At this new agency, I haven’t been shy about revealing my paranoia to just about anyone who asked. Or didn't ask. If someone said “Nice work on that radio spot,” I’d say something like, “Well, I’m just trying to do good work so I don’t get fired.” I realized after a while what I really wanted was people to say “Fired? You’re not going to get fired!” But continually fishing for reassurance like that started to make me look like a jackass, I think. So I’m going to keep my mouth shut from now on… and just silently hope I don’t get fired.

Odd thing two: something is very wrong with our country:

School officials in a town near Boston have banned tag and other “unsupervised chase games” in fear that a kid will “get hurt and sue the school.” The really shitty thing is that the school is probably justified in being fearful of a lawsuit… it doesn’t take a big stretch of the imagination to se a kid’s parents suing the school if little Johnny fell down and busted his lip.

America is so litigation-crazy that it makes me sick. Now, I’m not down on lawyers, but I am tired of a legal system that aggressively searches of someone to blame for every little thing. Kids fall down when they play… should teachers be running behind them every step of the way to catch them? Or should schools just eliminate recess altogether just to cover their asses? Oh wait, they already have.

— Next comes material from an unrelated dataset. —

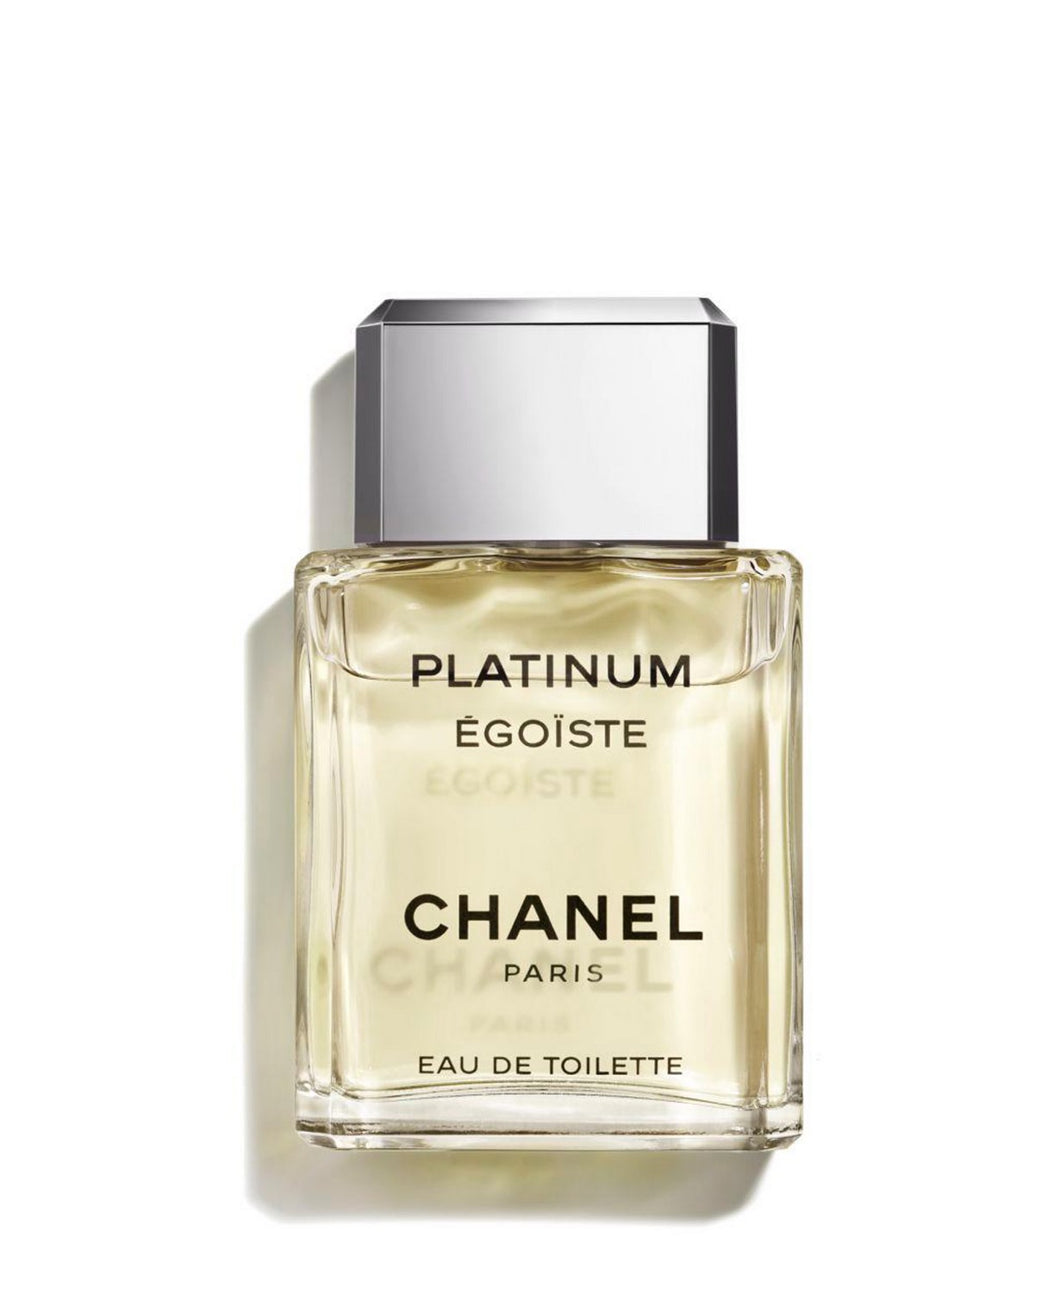 platinum egoist chanel eau de parfum 3.4oz for mens - alwaysspecialgifts.com

Are we developing a country of whiners who think they have every right to drag someone into court just because they slipped on a patch of ice on the sidewalk? We sure are.

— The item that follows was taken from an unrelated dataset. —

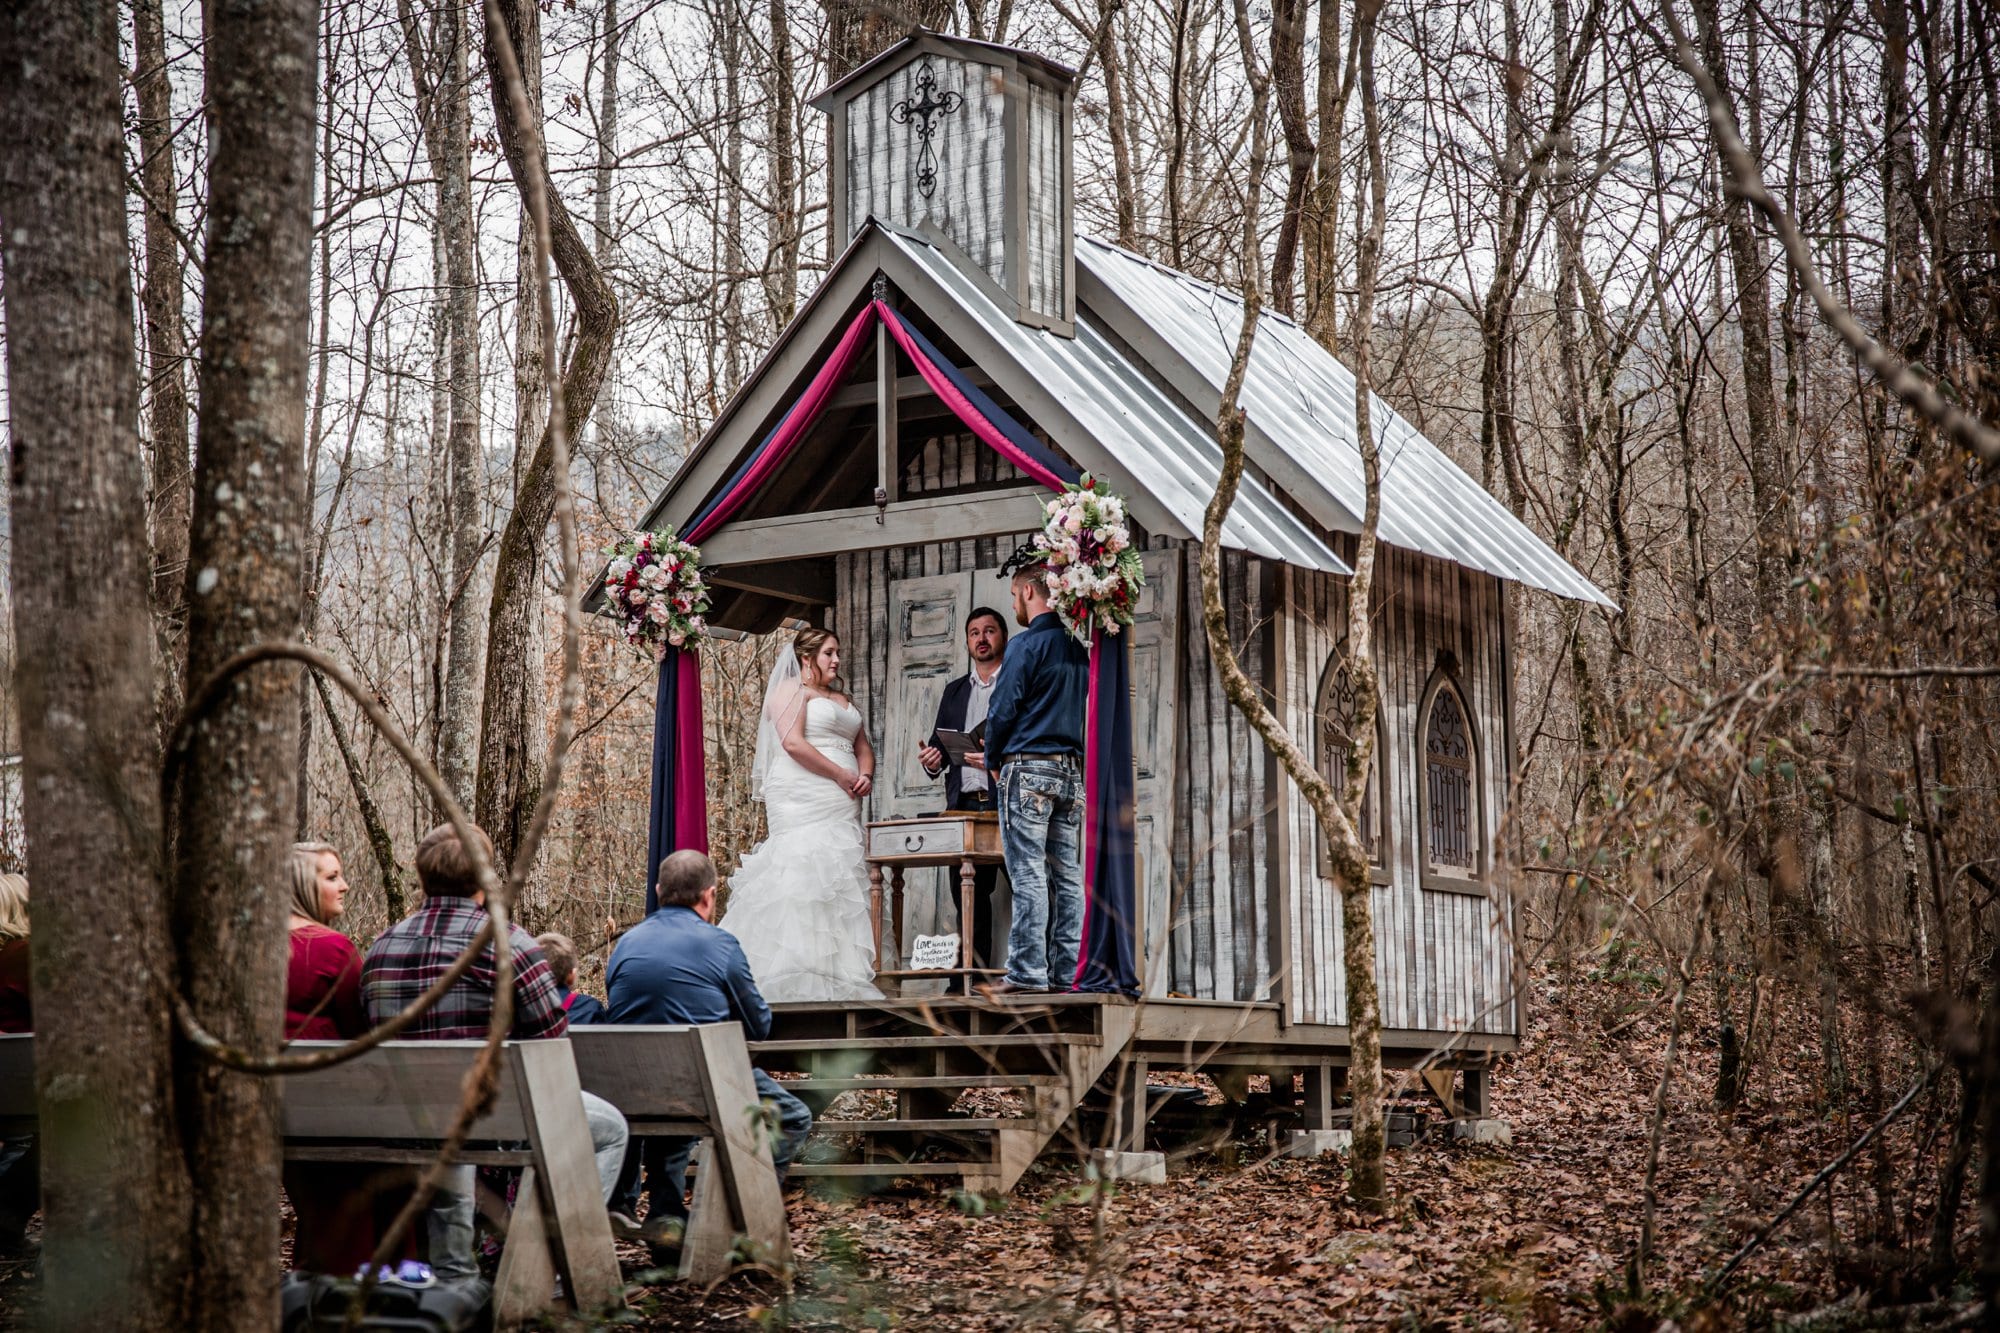 Smoky Mountain wedding chapel holding Micro Weddings in Tennessee.

Odd thing three: I’ve got wood.

There’s something extremely satisfying about having a cord of wood neatly stacked on the back patio. I remembered to call early (that is to say, before the snow hit the ground) this year, and had my wood delivered on Tuesday. I leaved some lessons last year (when my wood pile was very much a pile, and not a properly organized stack) and the stacking was much more thought-out this year. I have three nice stacks of mixed hardwoods out there, covered by a big tarp, just waiting to be burned. We blew though all the wood last year while it was still cold, and I considered getting a cord and a half. But I’ve heard predictions of a mild winter this year, so I’m hoping for the best. I’d hate to hate to bust up a chair or dresser to burn just to get through the night this year.

Finally, the ends:

Sometimes instead of bath time we have shower time for the girls. It’s easier and faster for everyone. And best of all, it can create awesome moments like this:

"2-for-1 special"

In my house, this is what we call a “pressed ham.” And just for daddy, last night was a double.

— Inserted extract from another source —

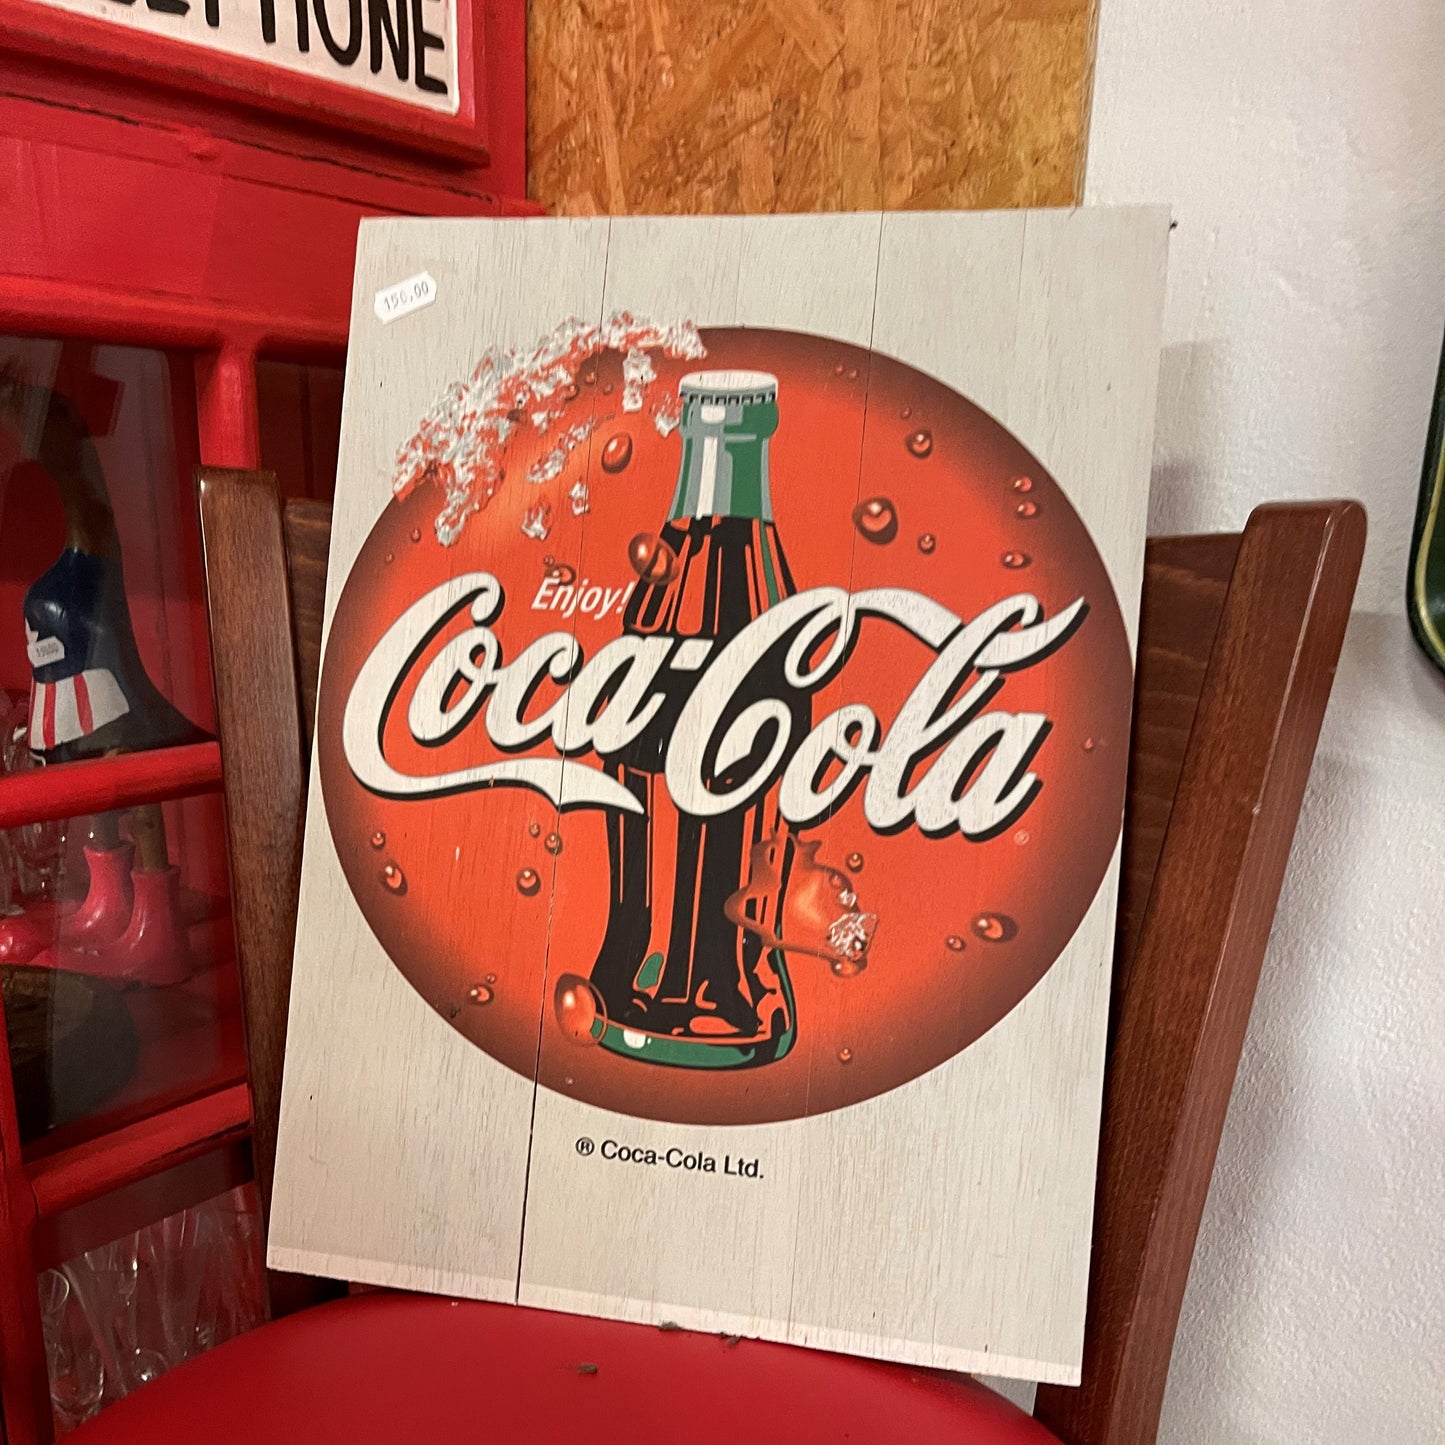 Coca Cola træskilt

#167 In which our hero longs for a nap.

Sleepy. Sleeeeepy. I woke up last night after a particularly disturbing dream (in which I stabbed a good friend through the spleen with a sword that was in odd dream-fashion also a giant pair of scissors -- sorry Warren) only to find that The Scientist was no-where to be found. I wandered blurry-eyed downstairs, expecting to find her playing the MUD that has once again swallowed her soul… but no. She was just surfing around, unable to sleep. This happens quite a lot to The Scientist: she wakes up in the middle of the night and can’t get back to sleep. This is completely alien to me, because I rarely have trouble sleeping. But I tossed and turned when I got back into bed, still anxious over how I betrayed and literally back-stabbed my friend.

So I’m paying the price this morning.

Everyone remembers I have a sofa in my office, right? Well, that sofa has never looked more comfortable. I could easily plop down and take a nap. Which reminds me of something that happened recently.

The Friday we went to Columbus, The Scientist drove down and met me in Akron. It seemed to make a lot more sense than me driving back up to Cleveland then back down again. Plus, we could leave a car in my parking lot for the weekend without paying. So The Scientist got off work really early, like 2pm, and drove down. I wasn’t quite ready to go, so she hung out in my office while I ran around and tired up loose strings.

After I was out of my office of 10 minutes, The Scientist grew bored (after sabotaging my computer with a nasty phrase that made me laugh out loud when I got back) then got sleepy. She stretched out on the sofa and fell asleep.

This did two things. First, it added to my office mystique (“Hey, Couch-Guy has some hot girl sleeping in his office!”) and secondly, it reinforced the notion that The Scientist is the perfect wife for me. I mean, how many people have the balls to fall asleep in a strange office, surrounded by people they don’t know? That’s my wife saying, “Y’know what? I’m sleepy and I don’t give a shit if people see me napping.”

I just think that’s cool.

But now I envy her that 15 minute nap. It’s just not kosher for me to fall asleep in my office… I am on the clock after all. While I’d love to do it, I think it would be, um, frowned upon.

So all I can do is look at my sofa longingly and wish for sweet dreams. That don’t involve stabbing friends.


#166 In which our hero marvels at his daughter.

On Sunday the entire family went out to eat. We wanted to go to Red Lobster… and when I say “we” I mean me because they have all you can stuff in your face shrimp AND I had a $4 off coupon! Apparently, everyone else in town did as well; when we found out the wait was 45 minutes, we decided to go elsewhere.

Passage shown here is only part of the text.